CHRISTOPHER ERIAN, DAVID BADE & MICHAEL ERIAN
Burnout in health care undermines the safety of patients and practitioners alike. Burnout is a serious problem in the hospital system in Australia with studies showing up to 58% of Australian health care workers report feeling moderate to severe burnout. A recent parliamentary inquiries into rural hospitals found unacceptable levels of harassment, victimisation, bullying and cover-ups in NSW hospitals, reinforcing studies that have found that up to 50% of doctors and trainees (not including medical students) have experienced bullying, discrimination, harassment or sexual harassment in the hospital system.
Why is this useful for rural and remote people to read?
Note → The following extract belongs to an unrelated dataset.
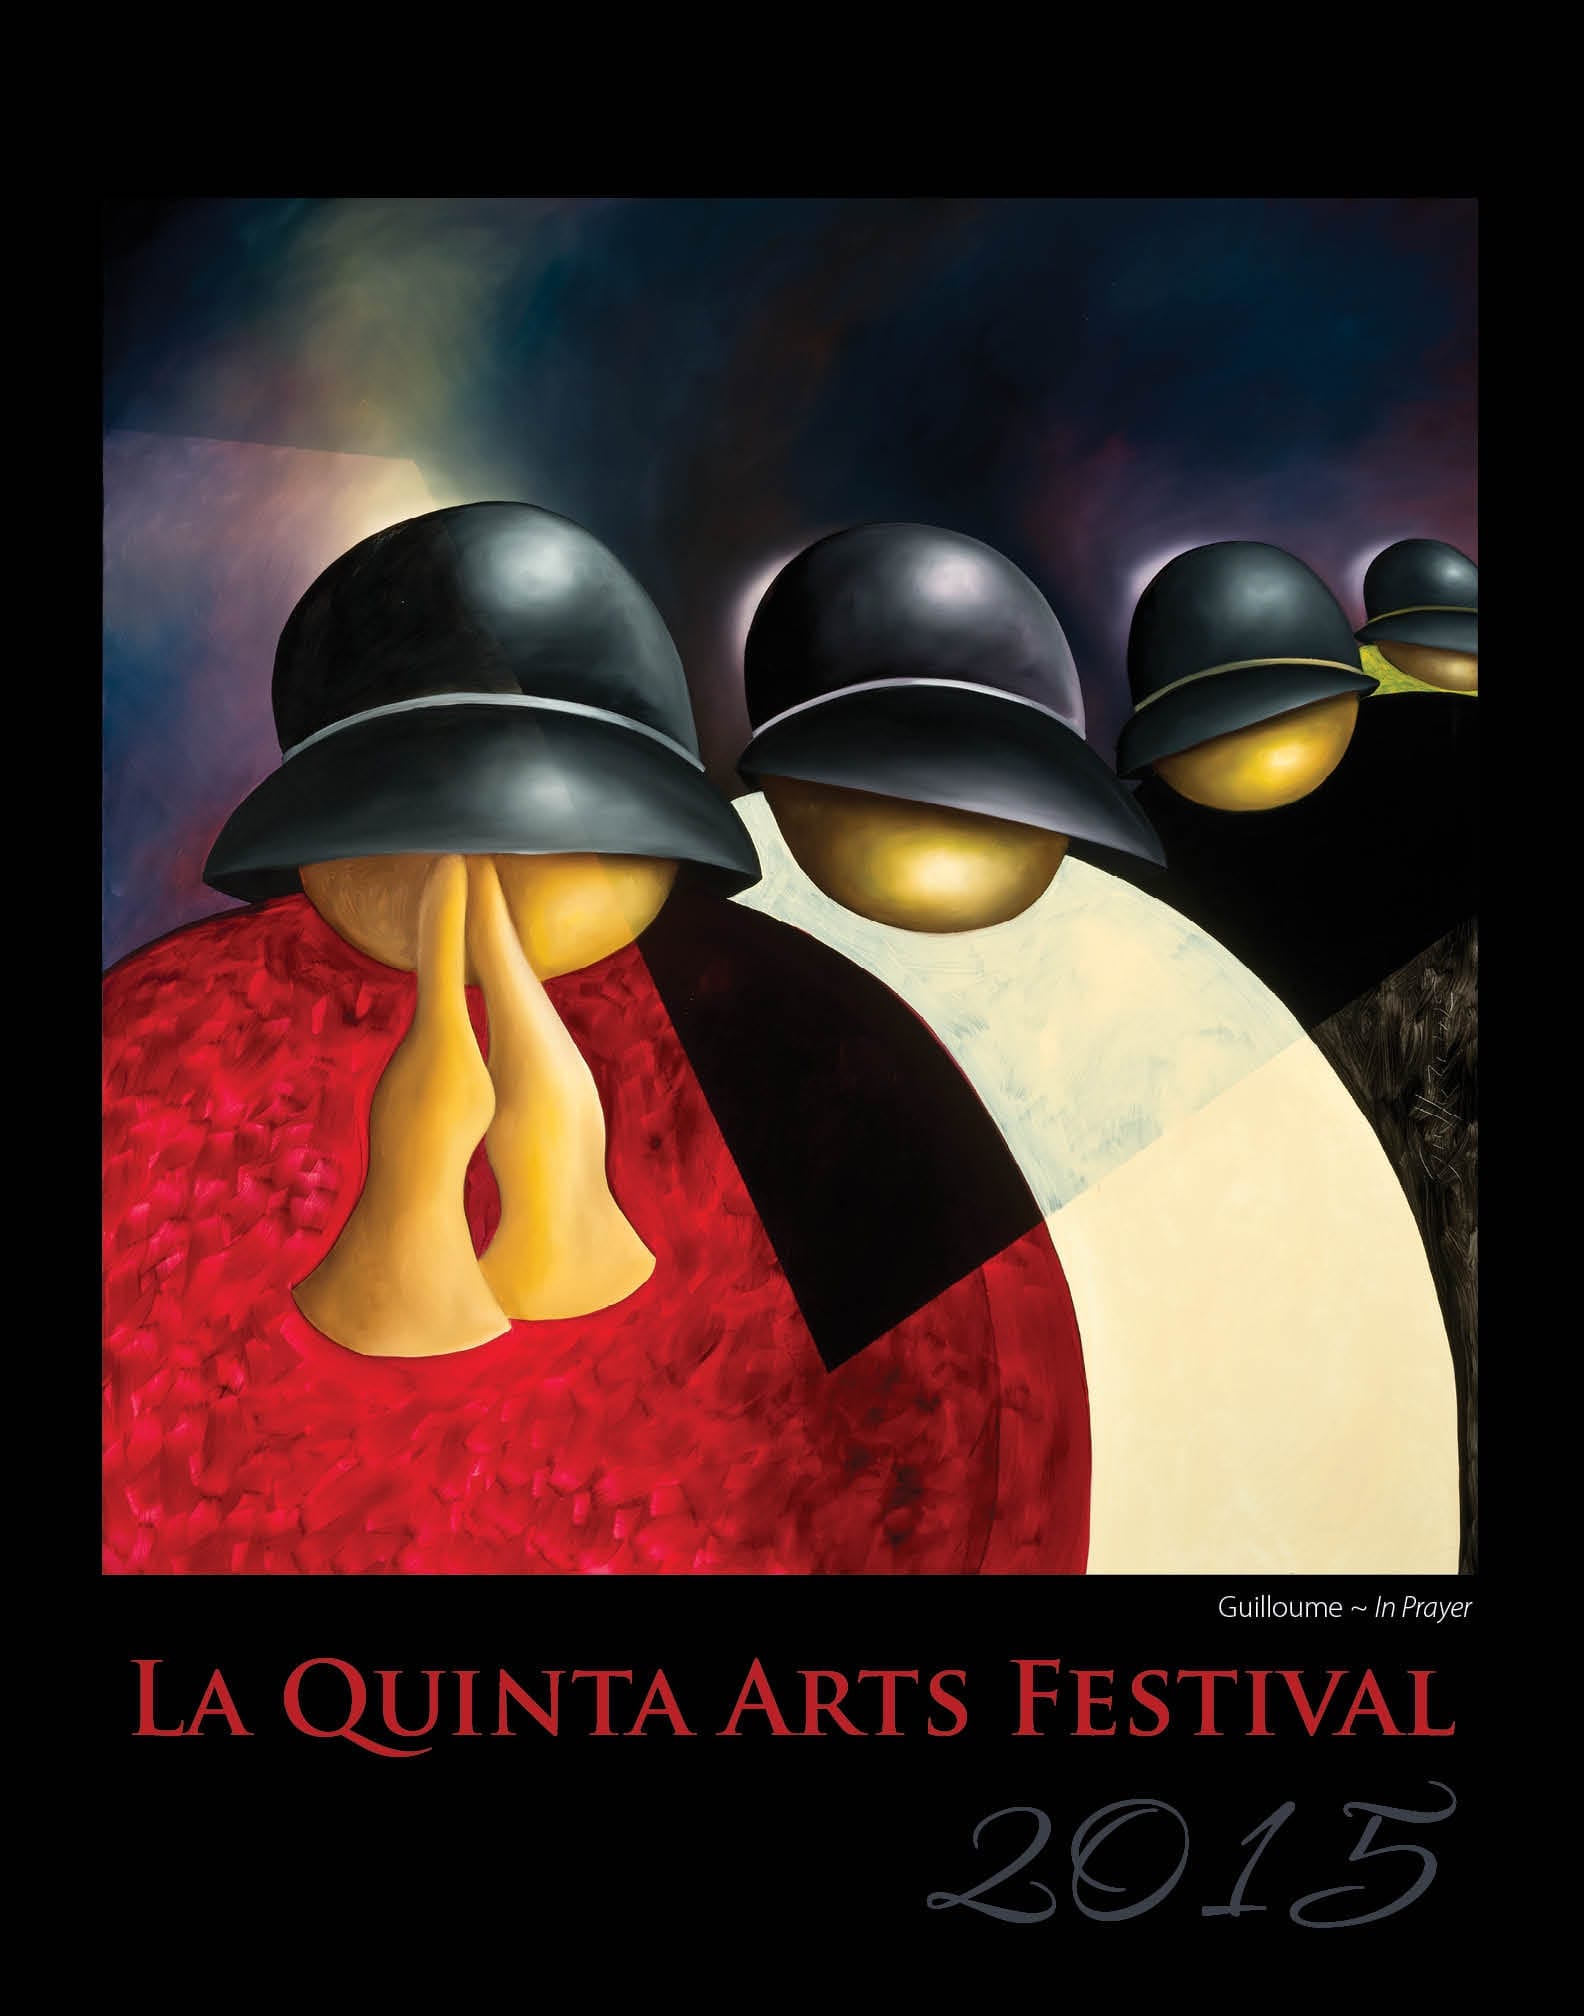 2015 La Quinta Arts Festival Poster

This document is useful to read by rural and remote people because it is important for rural people to understand the risks that burnout and bullying in public hospitals create for the loss of precious health staff in their communities. It makes clear that reforming the culture of the rural hospital system is critical to the sustainability of health services in rural and remote town, and as such it is not an organisational issue but an issue for the whole community. One way in which rural and remote health communities may be able help is to monitor the well-being of health staff in their communities and look for indicators of burnout, stress or unfair treatment. Where necessary, communities may raise concerns through the hospital operator, lodge a whistleblower complaint using the appropriate channels, or build a community campaign to advocate for staff affected to make them feel supported by their local community and seek reform of workplace practices. Rural hospital services may need to adopt, or revise existing, policies to ensure that staff have a good work/life balance, access employee assistance programs and have clear and transparent mechanisms to report unfair treatment and have it resolved.